CISA has ordered federal agencies to stop using Gogs or lock it down immediately after a high-severity vulnerability in the self-hosted Git service was added to its Known Exploited Vulnerabilities (KEV) catalog.
The US cybersecurity agency added the path traversal flaw to the KEV list on Monday, triggering urgent remediation requirements for federal civilian executive branch (FCEB) agencies.
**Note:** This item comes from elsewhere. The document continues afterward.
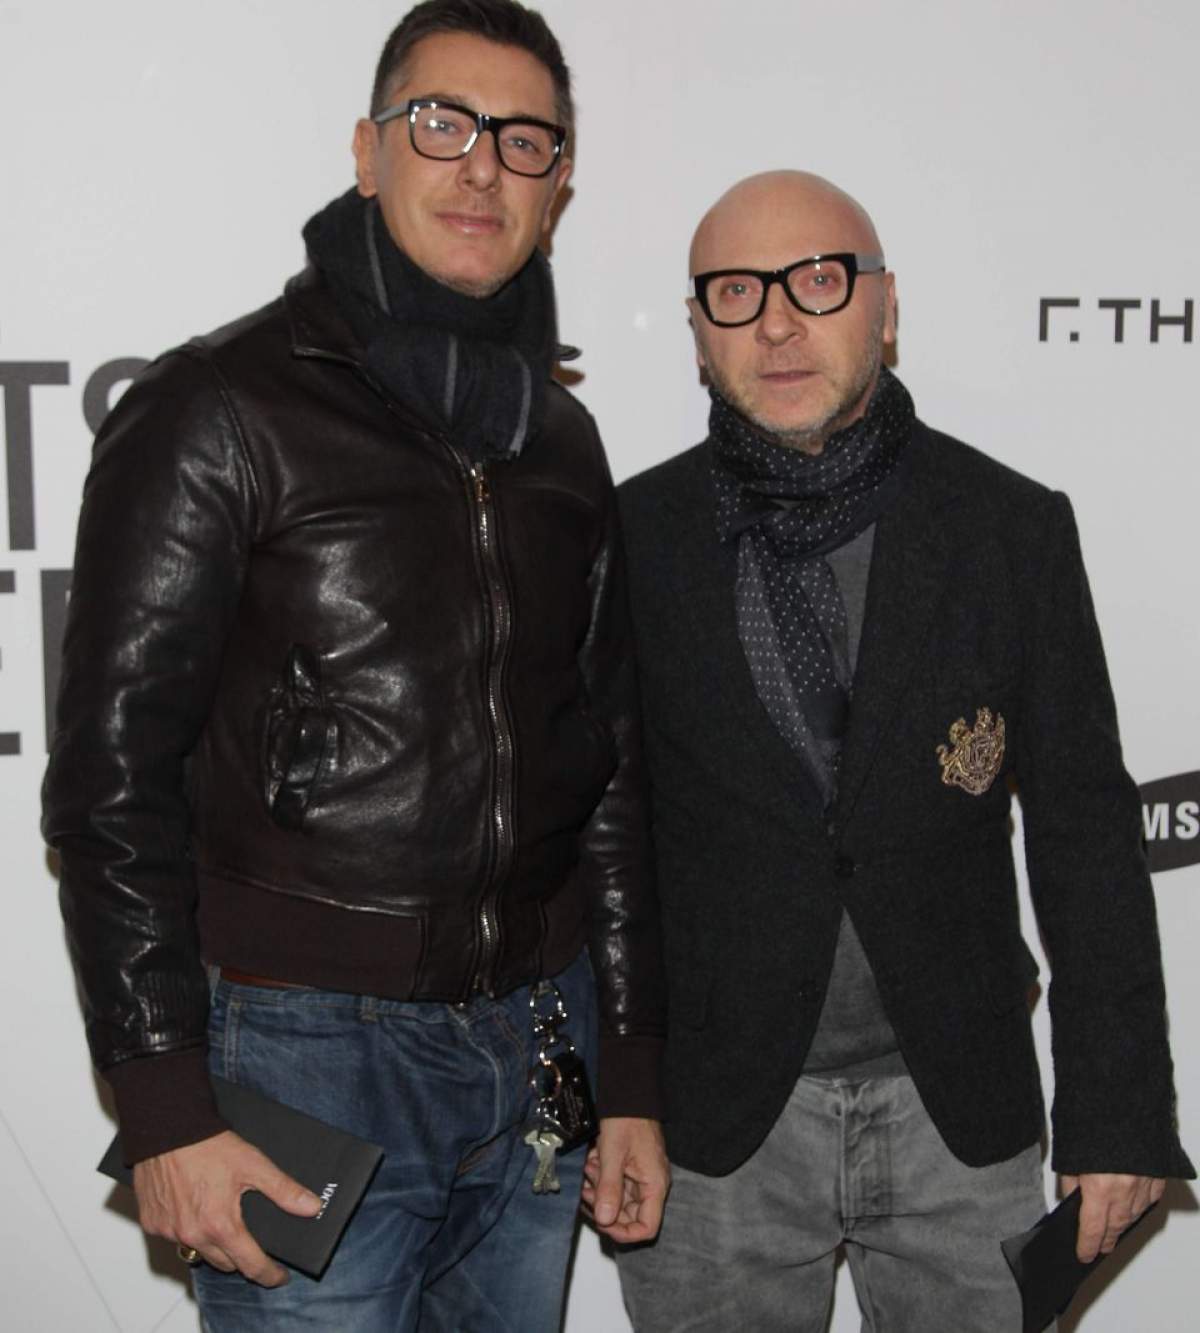 Şoc în lumea modei! Domenico Dolce şi Stefano Gabbana, condamnaţi la închisoare cu executare

CISA’s advisory warns that the vulnerability is being weaponized in attacks, and that agencies should apply mitigations or simply stop using the product if workarounds aren’t available.
“This type of vulnerability is a frequent attack vector for malicious cyber actors and poses significant risks to the federal enterprise,” CISA said in its alert.
The vulnerability, tracked as CVE-2025-8110, was first brought to light by Wiz security researchers in December who stumbled on the unpatched flaw in July while investigating malware on an infected machine.
The bug allows authenticated users to bypass protections and overwrite arbitrary files on the host system, effectively granting remote code execution. More than 700 internet-exposed Gogs instances were already confirmed compromised in ongoing attacks at the time of disclosure, with upwards of 1,400 servers found reachable online.
Gogs, which is written in Go and allows users to host Git repositories on their own servers or cloud infrastructure, has yet to ship a fix for the flaw, leaving users scrambling for stopgaps such as disabling open registration and shielding instances behind VPNs. Wiz described the vulnerability as a bypass of a prior fix and easy to exploit with default settings enabled, noting: “Unfortunately, the fix implemented for the previous CVE did not account for symbolic links.”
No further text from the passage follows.